**Data excerpt**
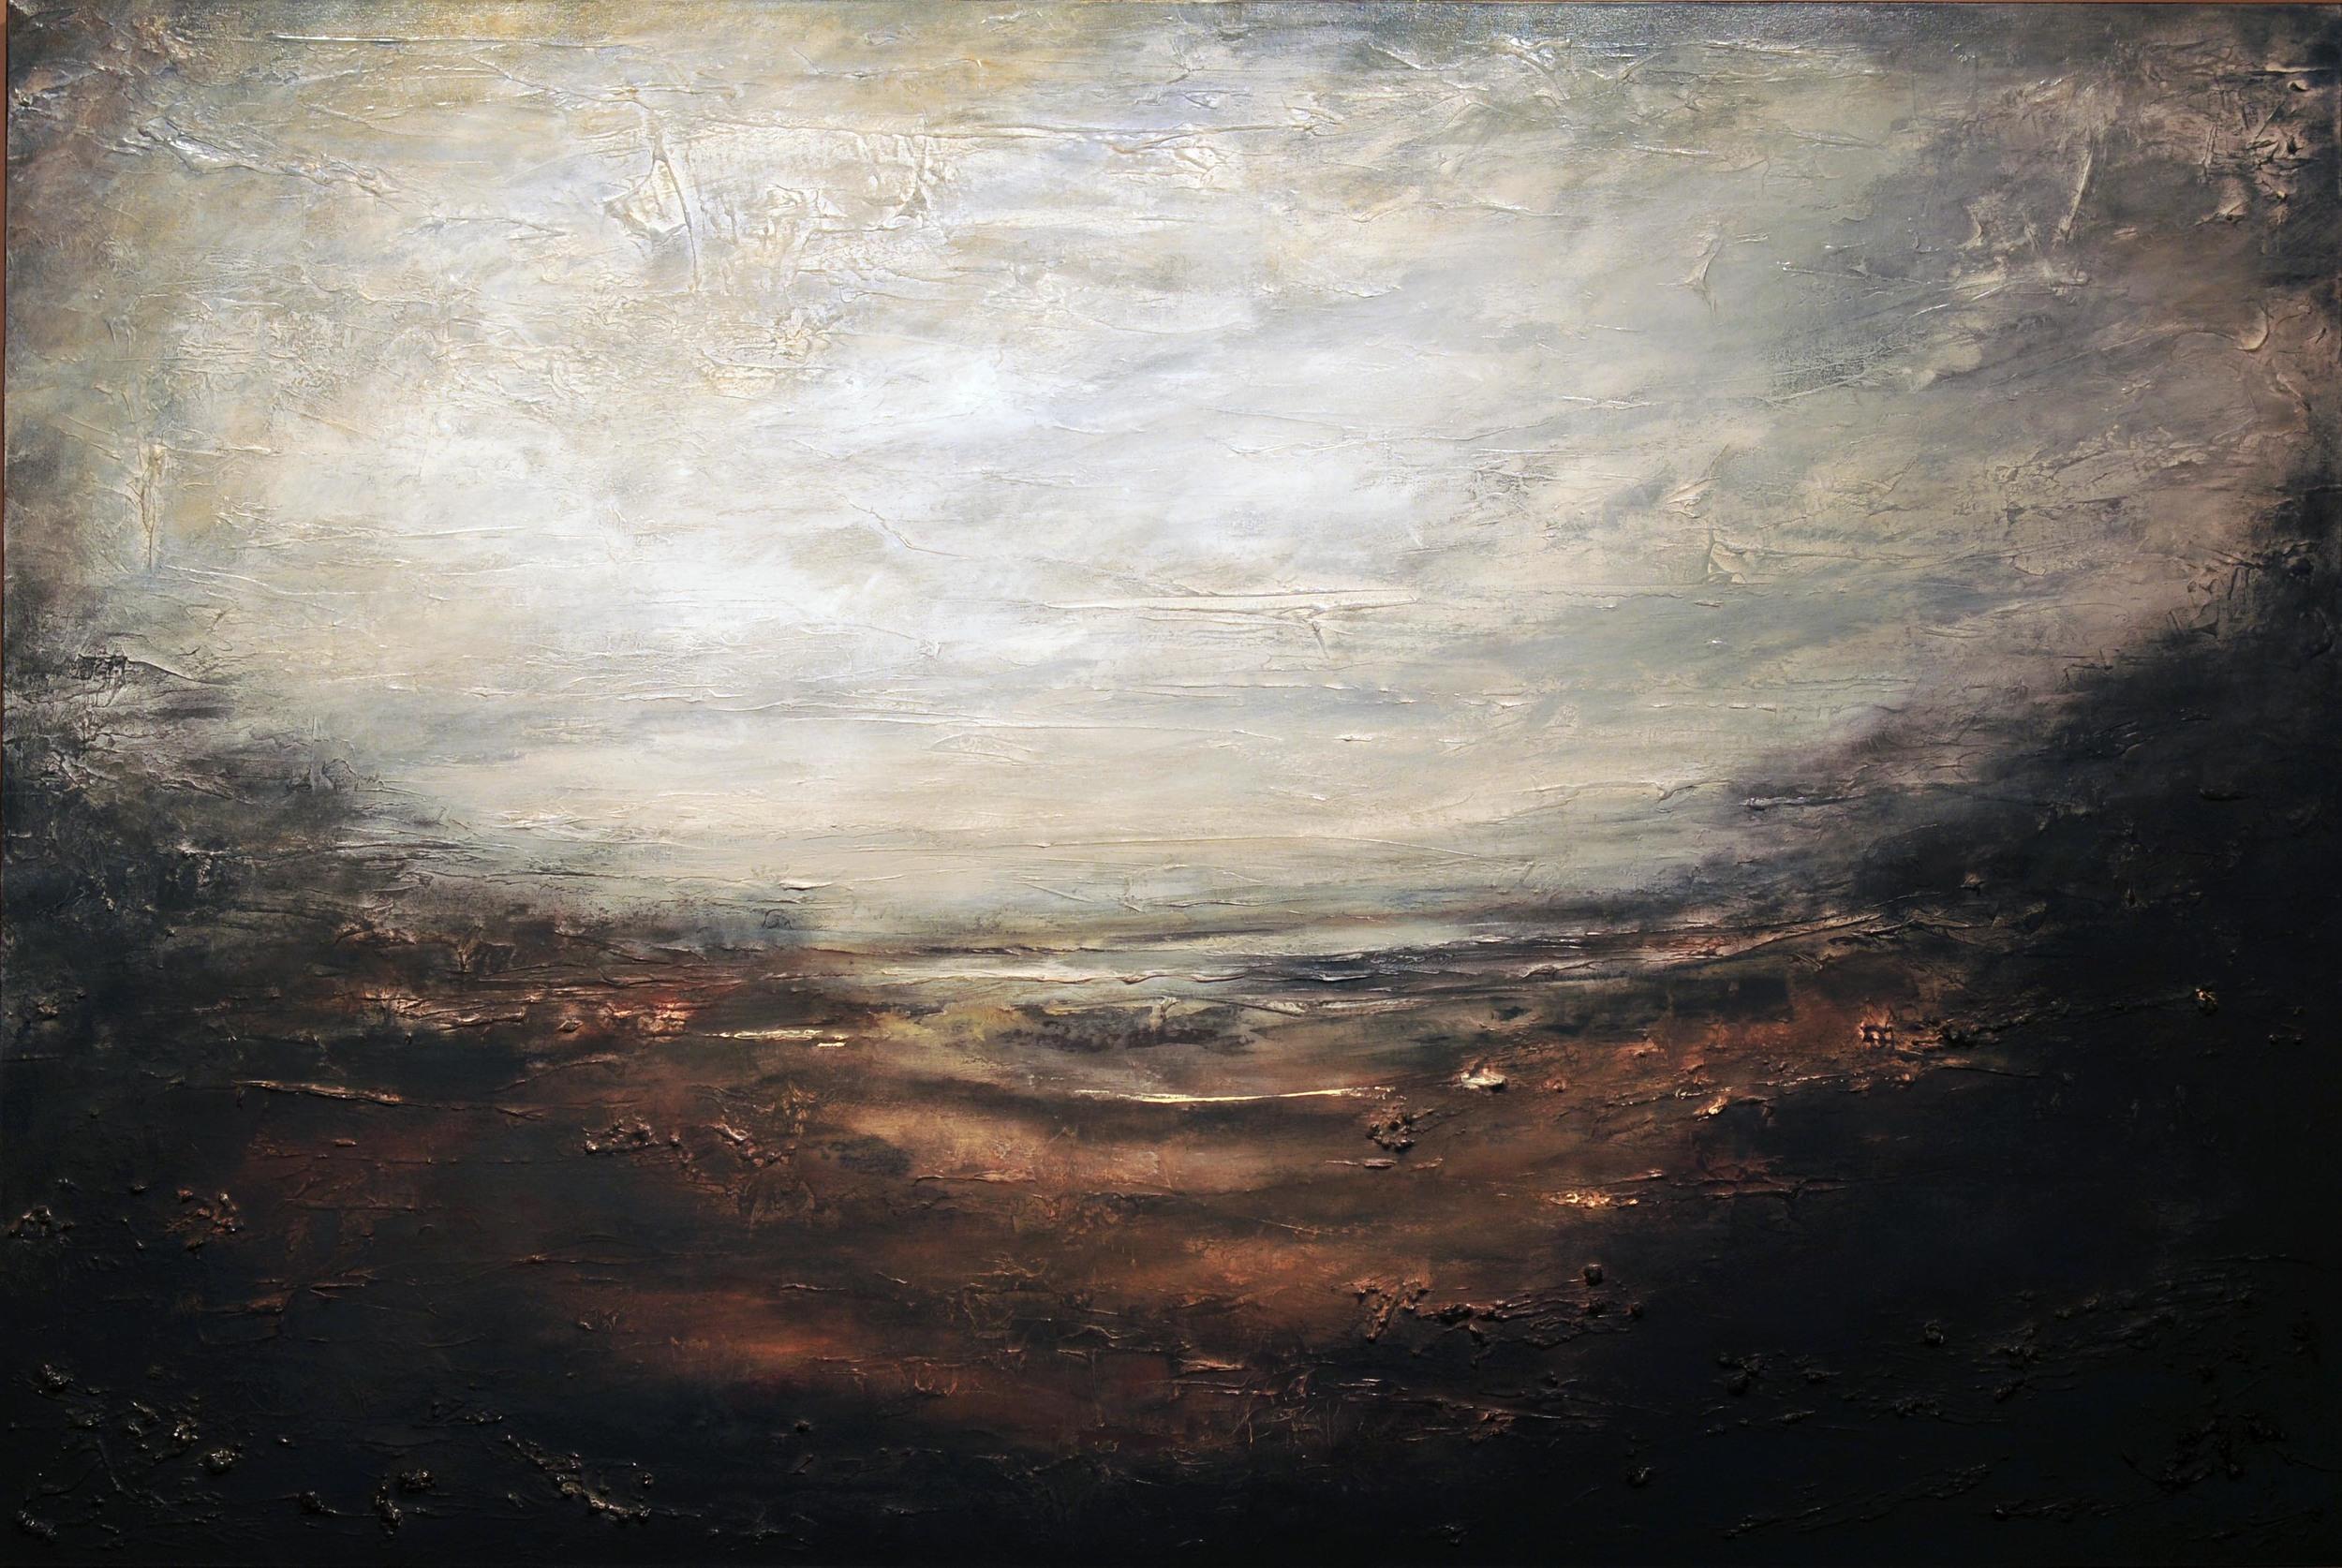 Gleneden Beach Series
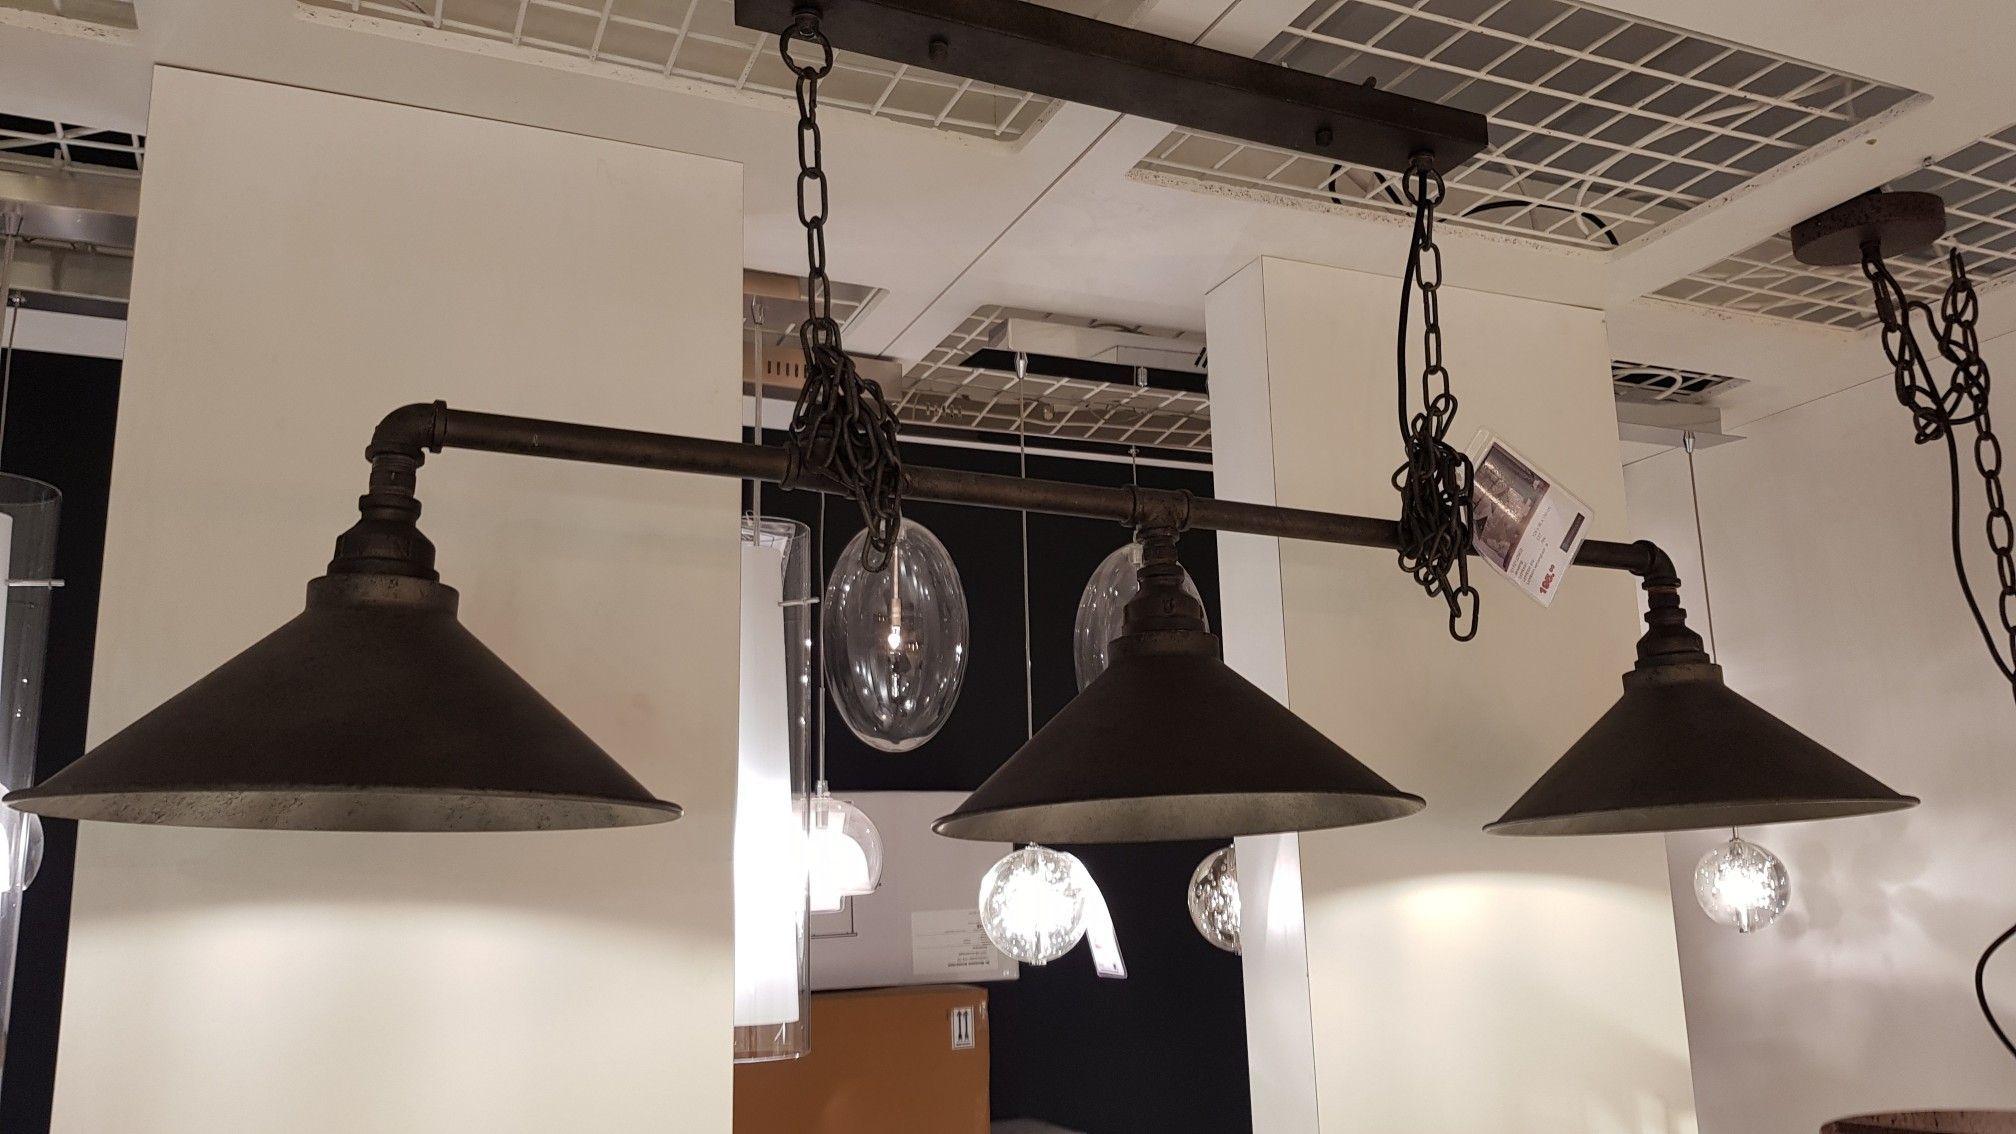 ≥ hanglampen voor boven eettafel lampen hanglampen
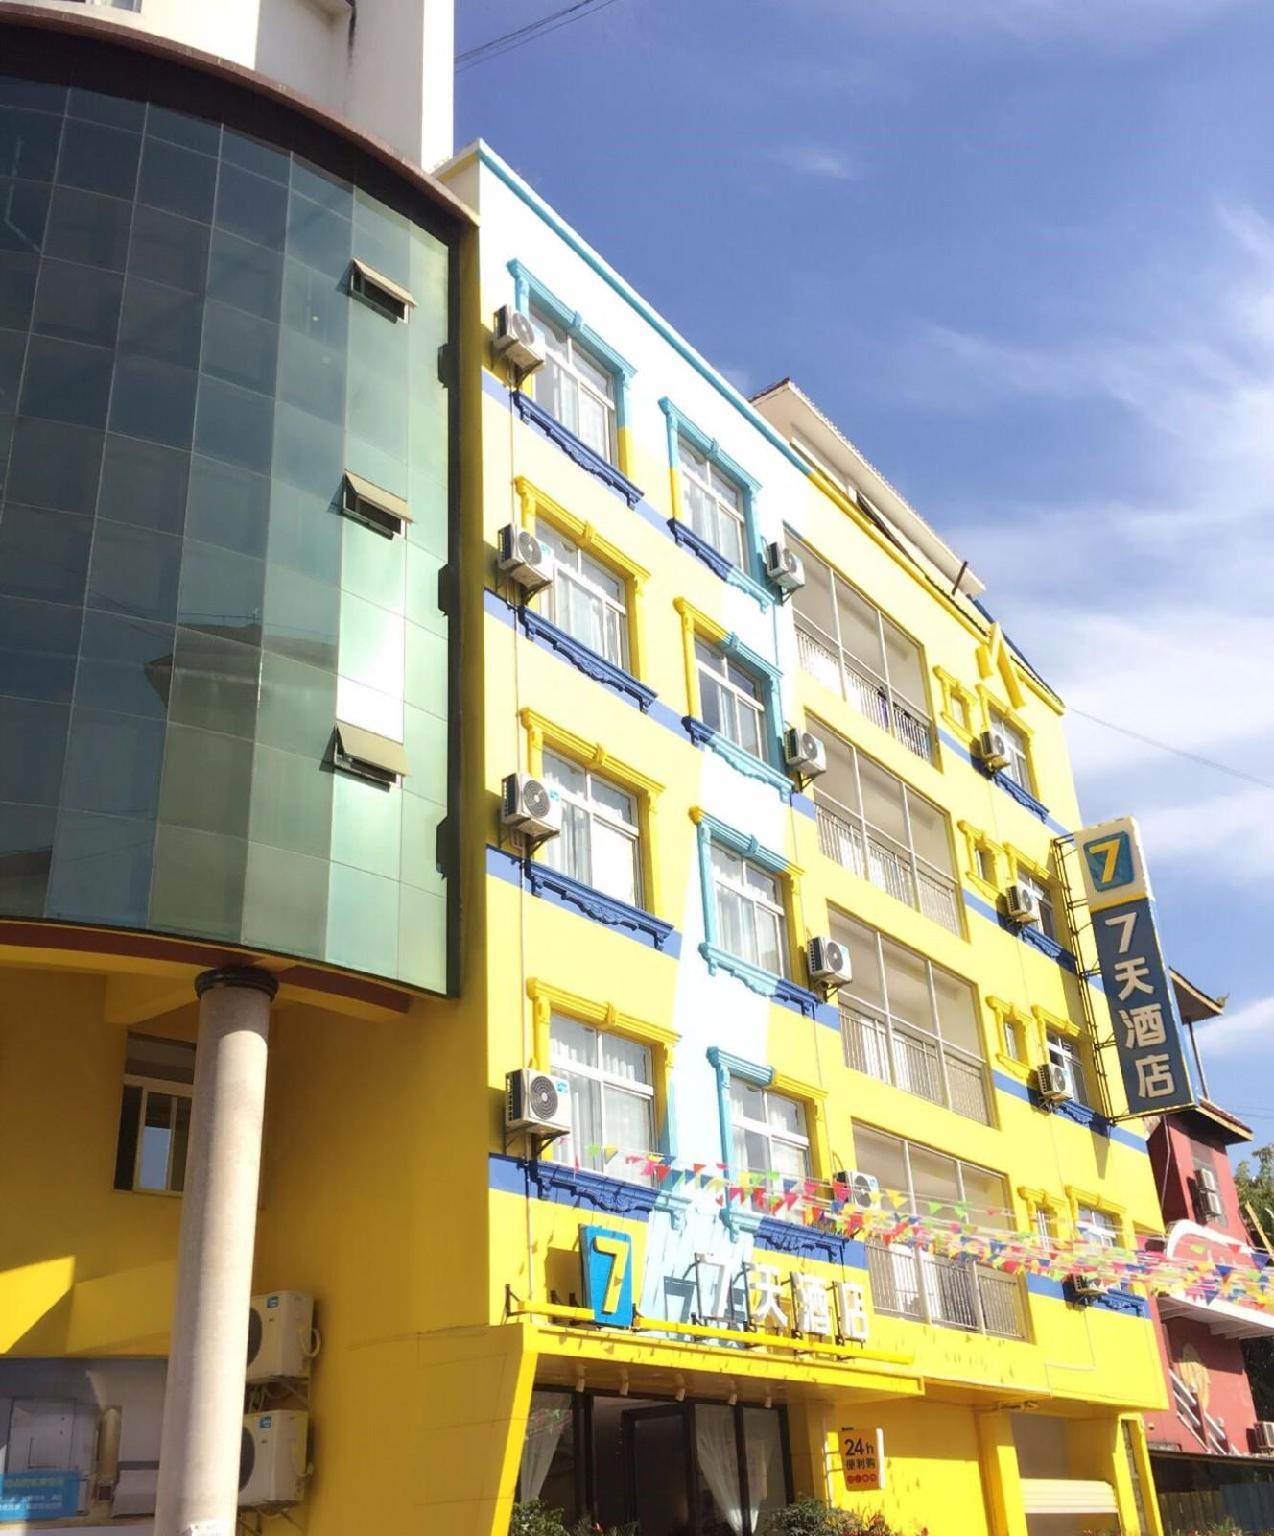 7 Days Inn�Xishaungbanna South Bus Station

**Exercise goal**
A faithful copy of all the data above, without its pictures, is the expected result.

**Finished task**
 Gleneden Beach Series
 ≥ hanglampen voor boven eettafel lampen hanglampen
 7 Days Inn�Xishaungbanna South Bus Station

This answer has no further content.